Particularly strong students who wish to carry out applied or theoretical research after ENSAI can benefit from the various facilities on offer during their studies: the possibility in their third year of following Master level 2 courses at universities with which ENSAI has concluded an agreement, thus enabling them to obtain a Masters’ and ENSAI engineering degree in tandem, privileged contact with university and Grande Ecole research laboratories and with the Center for Research in Economics and Statistics (CREST) that is part of the Grouping of National Economics and Statistics Schools (Groupe des Écoles Nationales d’Économie et Statistique). Students can also receive personalized supervision from a tutor specializing in the field of study in which they wish to conduct research, and may carry out their third-year internship in a research laboratory, etc.
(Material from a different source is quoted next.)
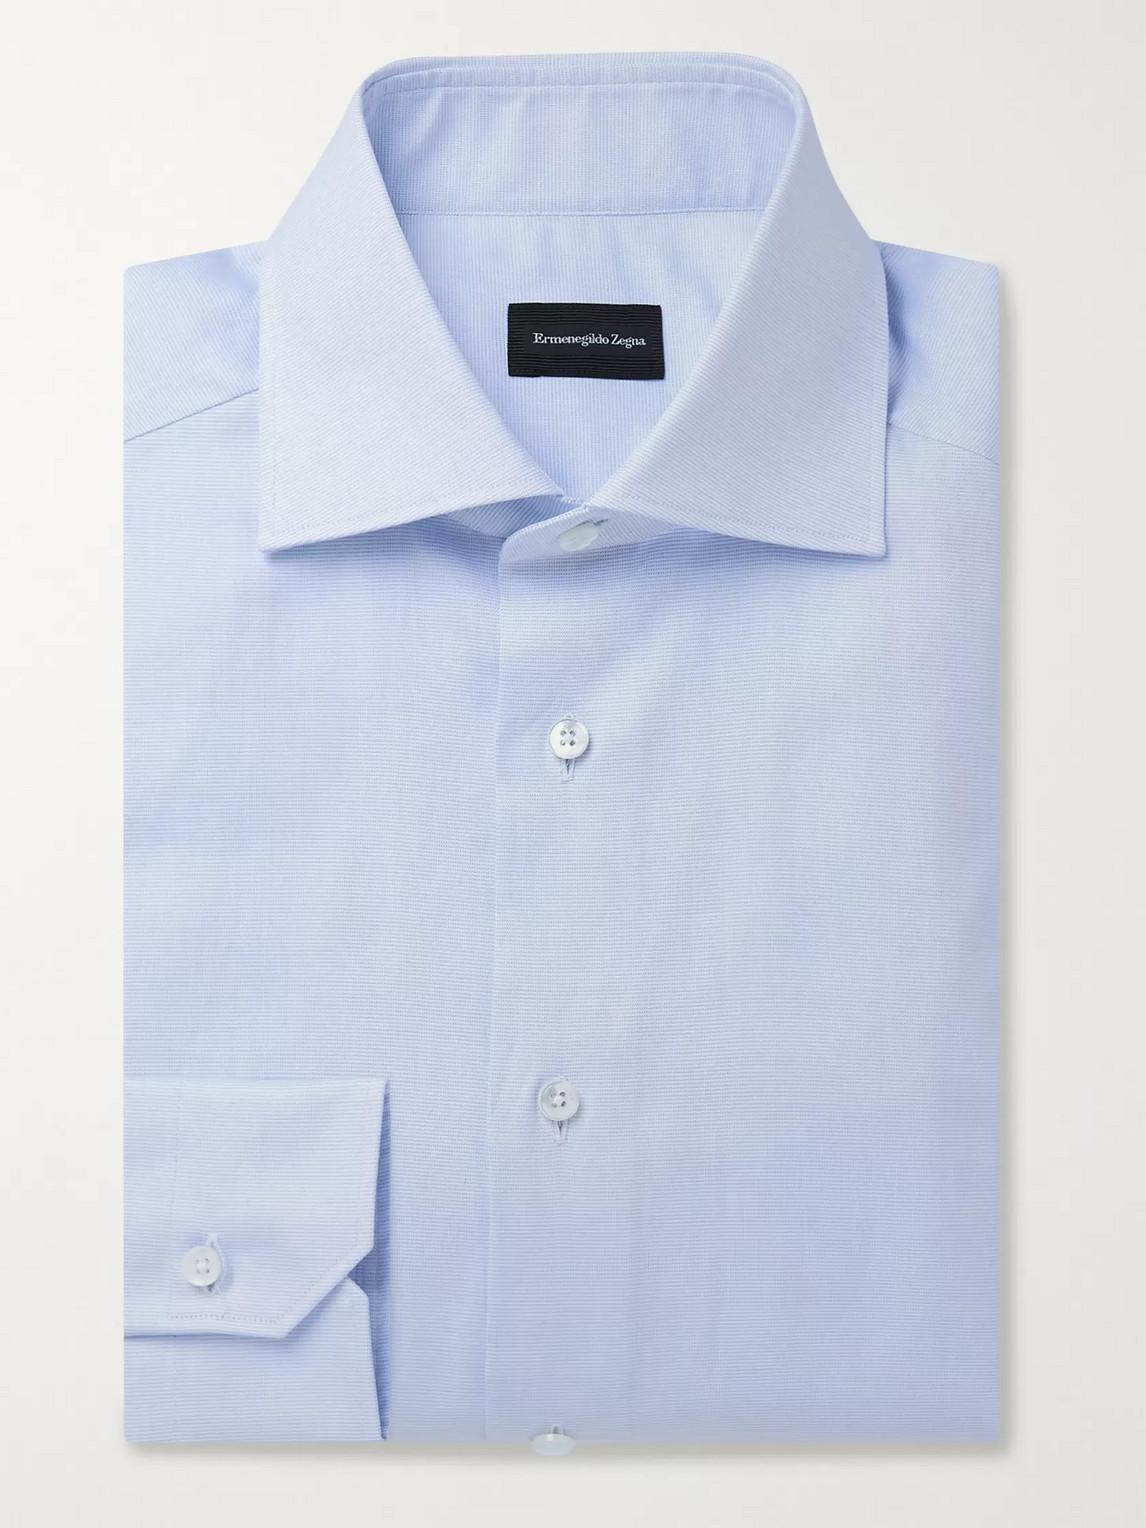 Ermenegildo Zegna Cutaway Collar Cotton-oxford Shirt In Blue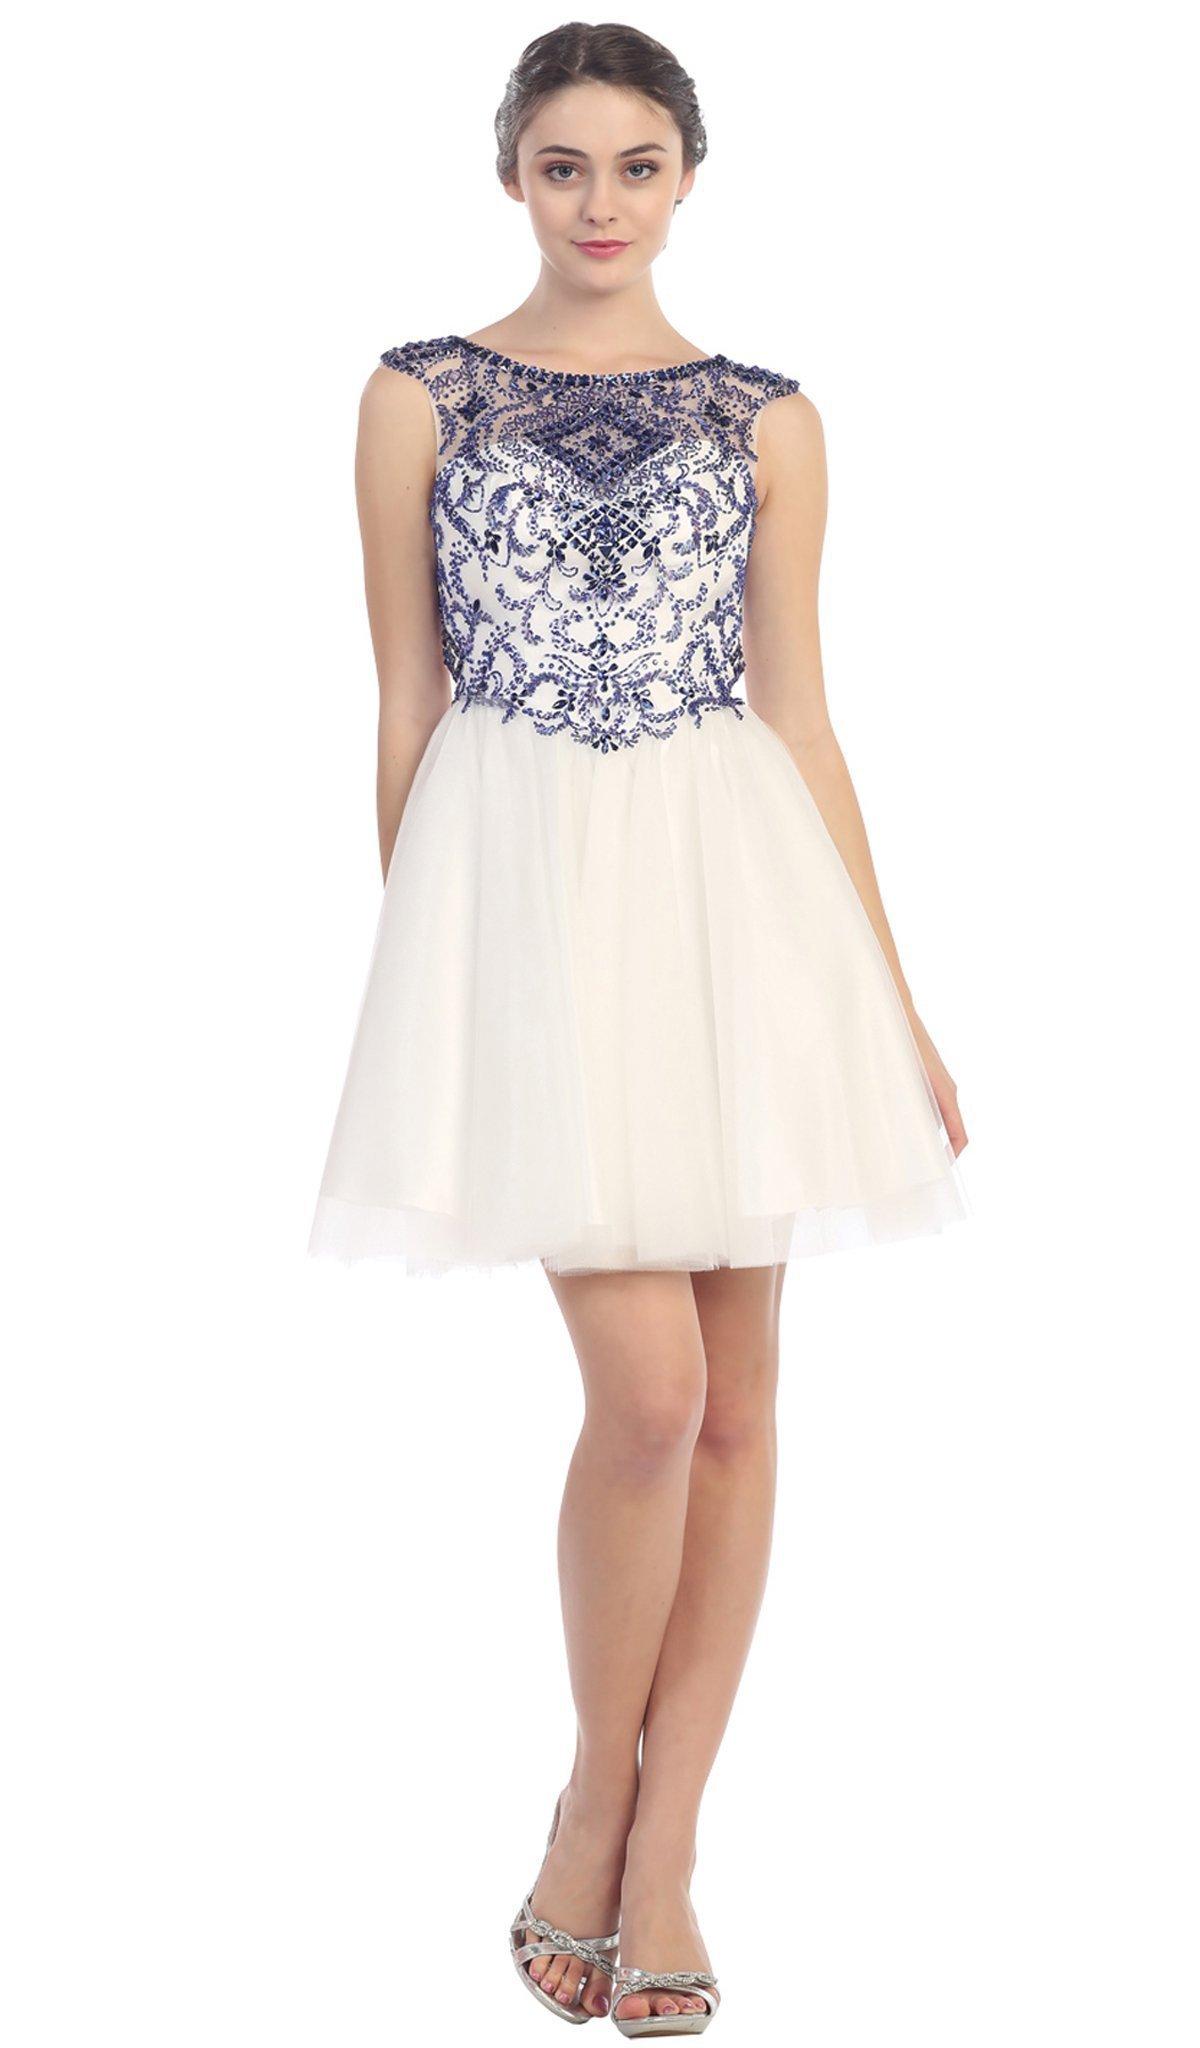 Eureka Fashion - Crystal Embellished Sheer Cocktail Dress

Students are required to go on three internships during their studies in order to be awarded an ENSAI statistical engineering diploma. They are also required to spend a minimum of four weeks abroad, either as part of these internships, as a student in a foreign institution, or on a linguistic stay abroad.
At the end of their third year, students have to complete an end-of-studies internship of between twenty weeks and six months. It enables the students to apply what they have learned in their third year of specialized studies. This internship starts in April, and students write up a report on this period. They then have an oral defense in November. The jury, or panel, then decides whether or not to validate their internship on the basis of the report from the president of the jury.
Certain students can follow a course of study in a foreign university which counts as their third year. ENSAI has agreements with foreign institutions, and particularly through exchanges such as the UFA partnerships.
ENSAI students have also been known to independently complete their third year abroad at other institutions, and consequently return to ENSAI the following November for an oral examination of their year abroad. Neither of these possibilities is available to transfer students who arrive as second-year students.
Annual tuition fees (in 2018/2019) are €1,850 for statistical engineering students.
ENSAI awards scholarships to statistical engineering students on the basis of financial need.